*Task requirements*. Quote the listing below in full and exactly as written, but omit every picture.

*Provided material*.
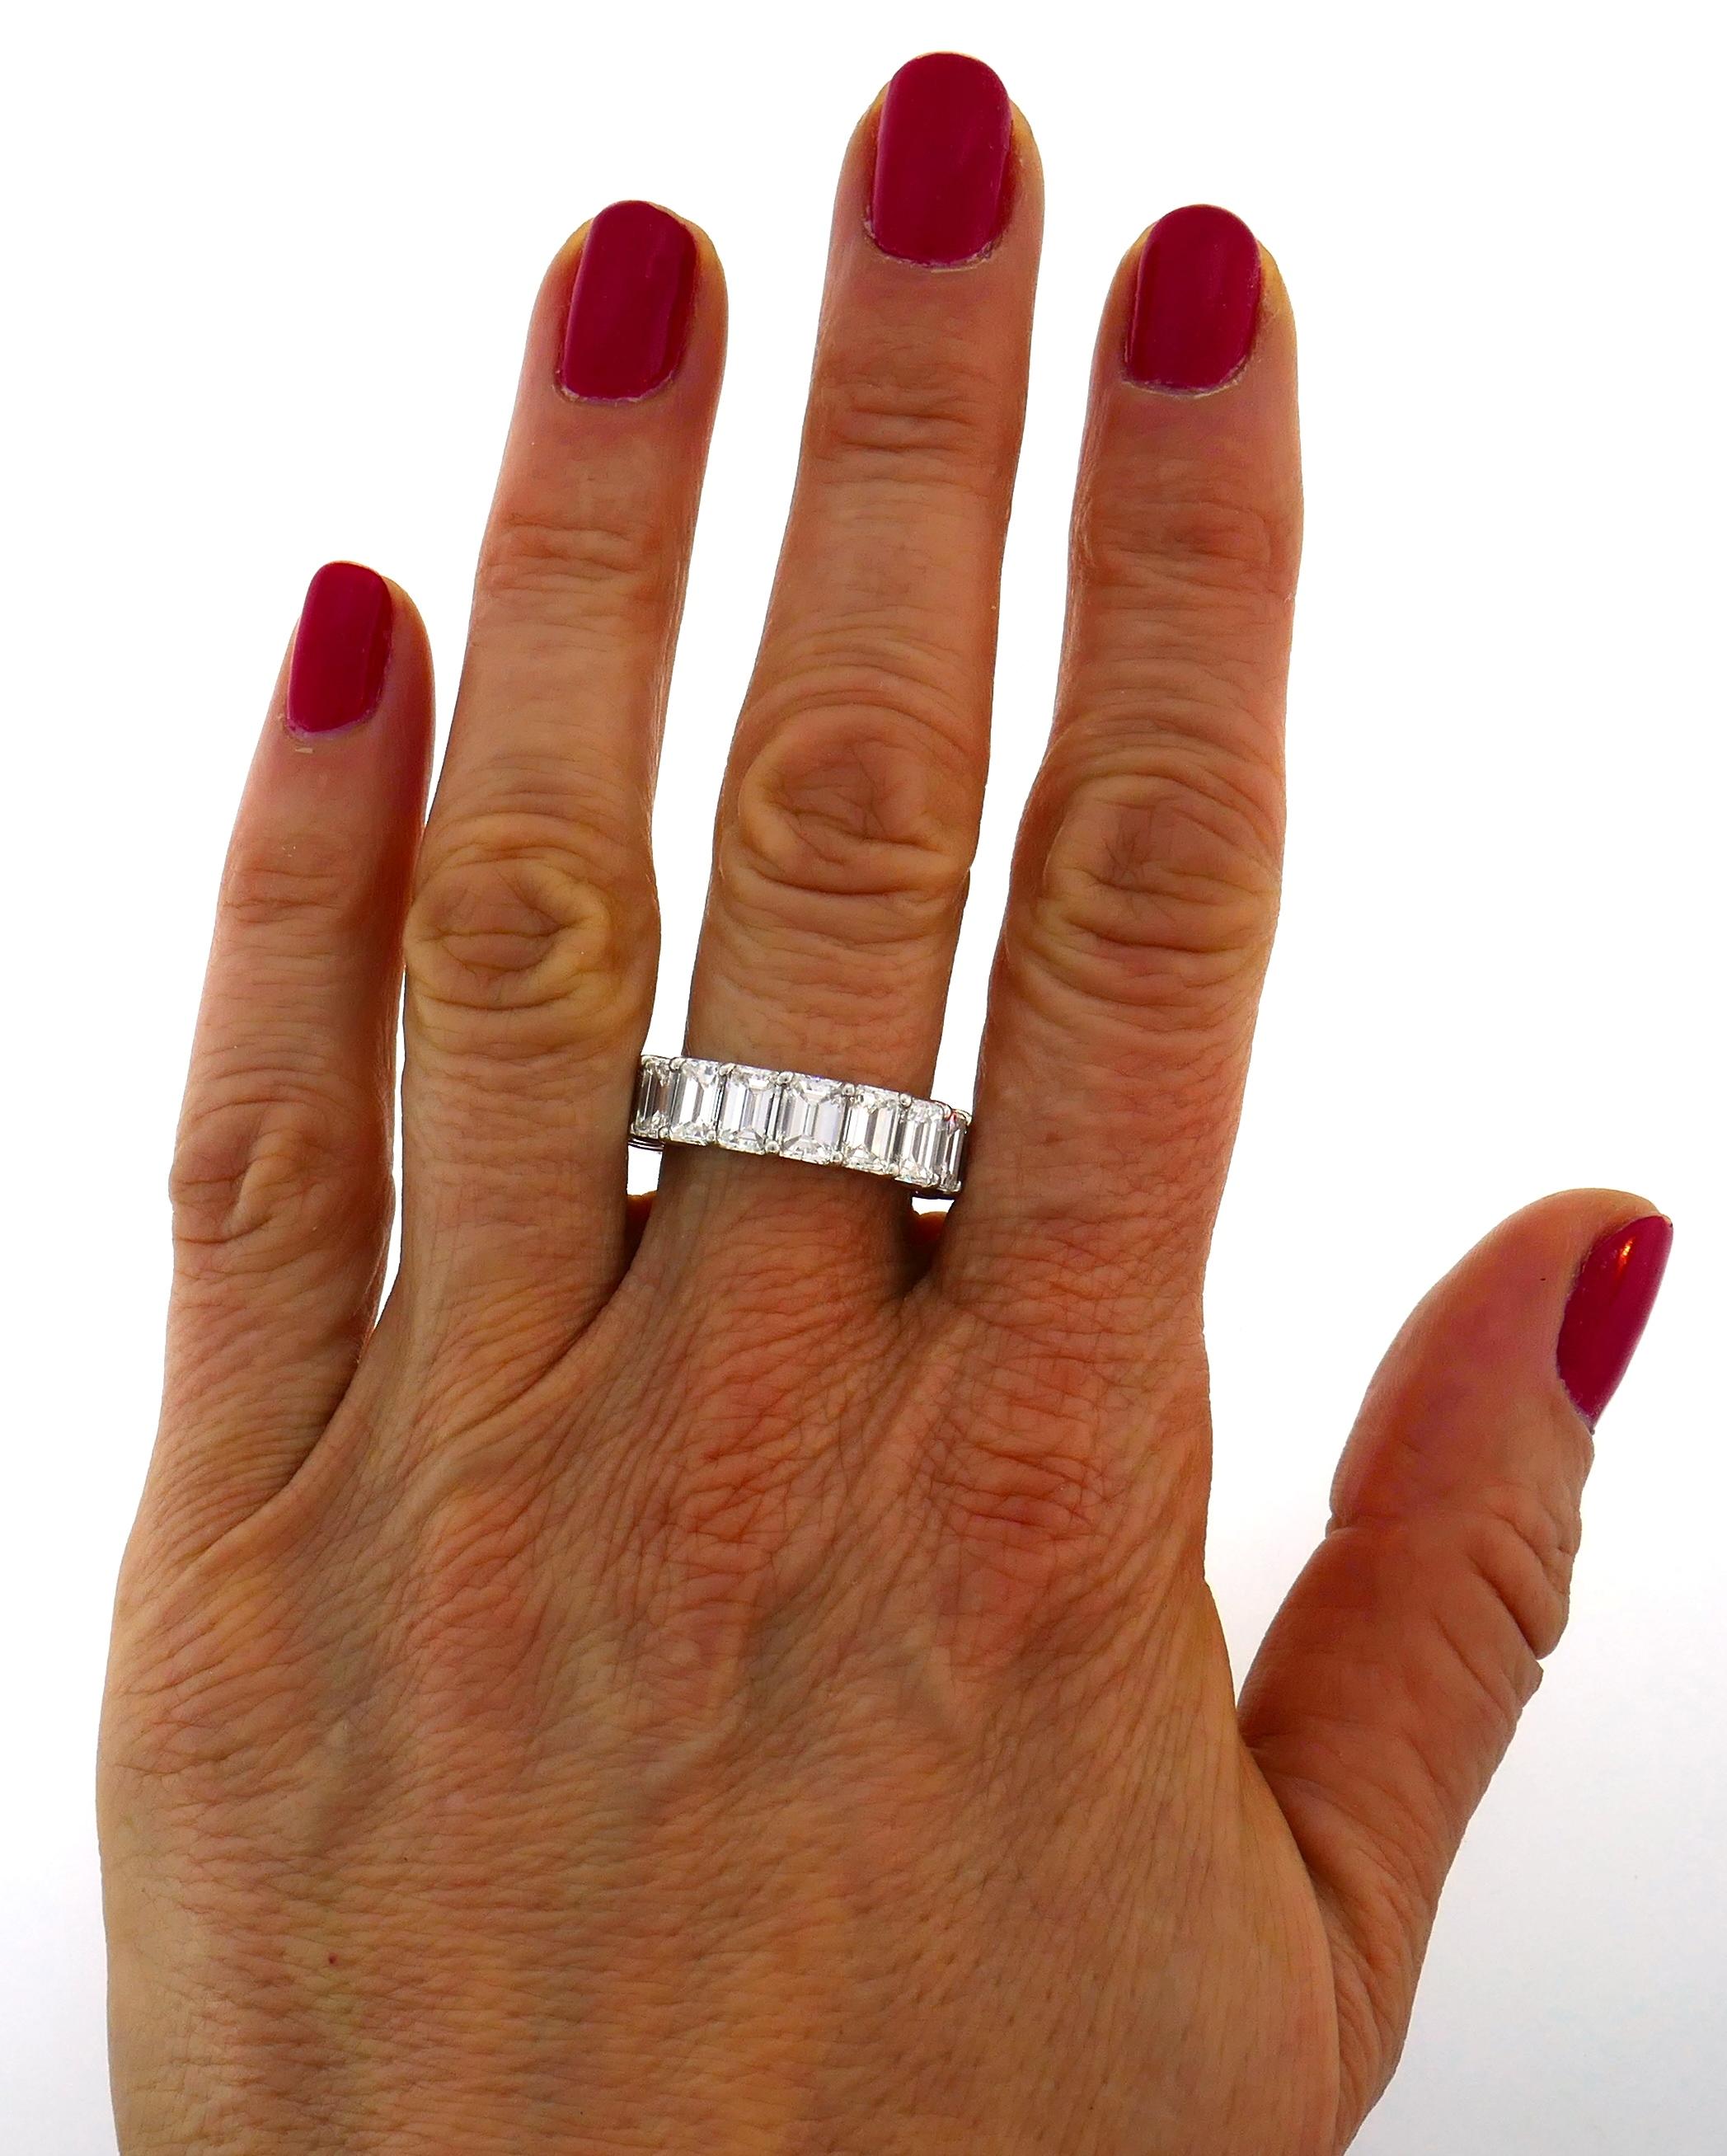  Classy and timeless, stunning diamond eternity band created by Harry Winston. 
Made of platinum and set with eighteen emerald cut diamonds approximately 0.53-carat each. Diamonds are D-F color VVS2 clarity, total weight 9.56 carats. 
Retail price

*Expected output*.
  Classy and timeless, stunning diamond eternity band created by Harry Winston. 
Made of platinum and set with eighteen emerald cut diamonds approximately 0.53-carat each. Diamonds are D-F color VVS2 clarity, total weight 9.56 carats. 
Retail price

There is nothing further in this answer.